Where the sea is born. 15-09-25. Expanded graphic on canvas. 40 x 60 cm. Rodiles Beach, Asturias. 2025.


How does the meteorological and maritime environment—the unpredictability of the sea, wind, light, and tide—become a co-author of your pieces?

I do not consider the environment a co-author in the traditional sense, but rather the true author of the traces I work with. I am interested in understanding nature as a great creator: through tides, waves, wind, and light, the sand generates forms that are in constant regeneration. In order to create my works, the sea must first have created its own.

From there, using acrylics, oils, waxes, or sprays, I attempt to translate into the work my sensations and emotions in front of the sea at that specific moment. Whether it is winter or summer, cloudy or sunny, a small cove or an expansive beach, all of these context conditions result and become imprinted in the work.


Sand Ripples. 07-04-21. Expanded graphic on canvas. 189 x 140 cm. Niembro Estuary. Asturias. 2021.


Your work is closely tied to the Asturian territory—beaches, coastal forests, the cove of La Cóndia. What role do place, topography, local identity, and geographic memory play in your practice?

Place is everything in my project. Asturias was the point of departure and the territory where my gaze was formed. I have been working along this line for seven years, and over time I have come to understand that each trace is inseparable from the specific site and the exact day on which it is produced.

From there, I felt the need to expand the map and begin working in other territories. So far, I have developed works in Senegal, Ecuador, the Galápagos Islands, Indonesia, and elsewhere—and in each case, the result is completely different. The sea that bathes those coasts, the arrangement of the rocks, the morphology of the beach, or even the animals that inhabit it generate unique traces, impossible to reproduce elsewhere. This specificity of territory—its topography and geographic memory—is inscribed in each work in a singular, inseparable, and unrepeatable way.


Mangata. 05-11-25. Expanded graphic on canvas. 190 x 130 cm. Sorraos Beach. Llanes. 2025.

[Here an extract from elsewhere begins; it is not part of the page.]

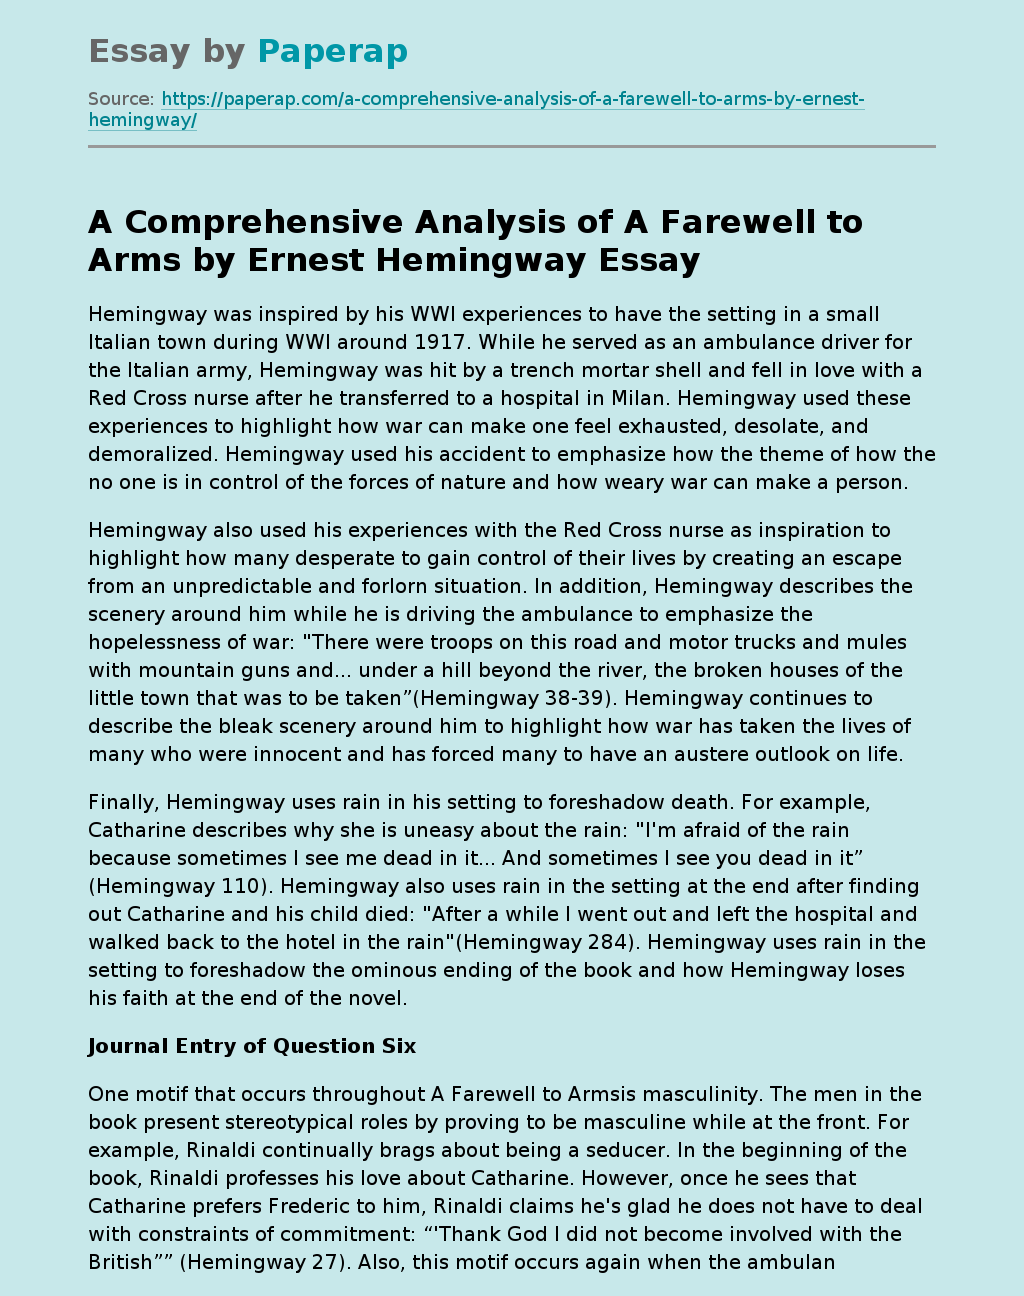 A Comprehensive Analysis of A Farewell to Arms by Ernest Hemingway

To what extent are climate change, rising sea levels, altered tidal cycles, or coastal erosion present—or potentially present—as an underlying reflection in your work?

My work does not originate from an ecological intention or a direct form of protest. If there is a reflection on the environment, it emerges indirectly, by bringing people closer to the landscape, inviting them to observe attentively and to develop a more empathetic relationship with the environment they inhabit. Beaches are in constant transformation, but I do not seek to fix the landscape; rather, I attempt to convey the experience of being in front of it. In this sense, each work is like a small sea that one can take home.


Tree of Life. 19-02-25. Expanded graphic on canvas. 50 x 70 cm. El Puntal Beach. Asturias. 2025.


To what extent do you plan your work, and how much space do you leave for the unexpected—or even for mistakes?

In my work there is very little planning in terms of the final result, but there is a very precise preliminary planning. Before going to the beach, I monitor the time of low tide, wave height, wind, and weather conditions; based on this, I decide which beach to go to. Even so, when I arrive, I still do not know what work I am going to make. It is there that I determine which material to use, which color to apply, and where the intervention will take place. Many times, the environment simply does not allow work on that day, and chance becomes an essential element of these works. Error, in turn, becomes a new possibility if one learns how to work with it.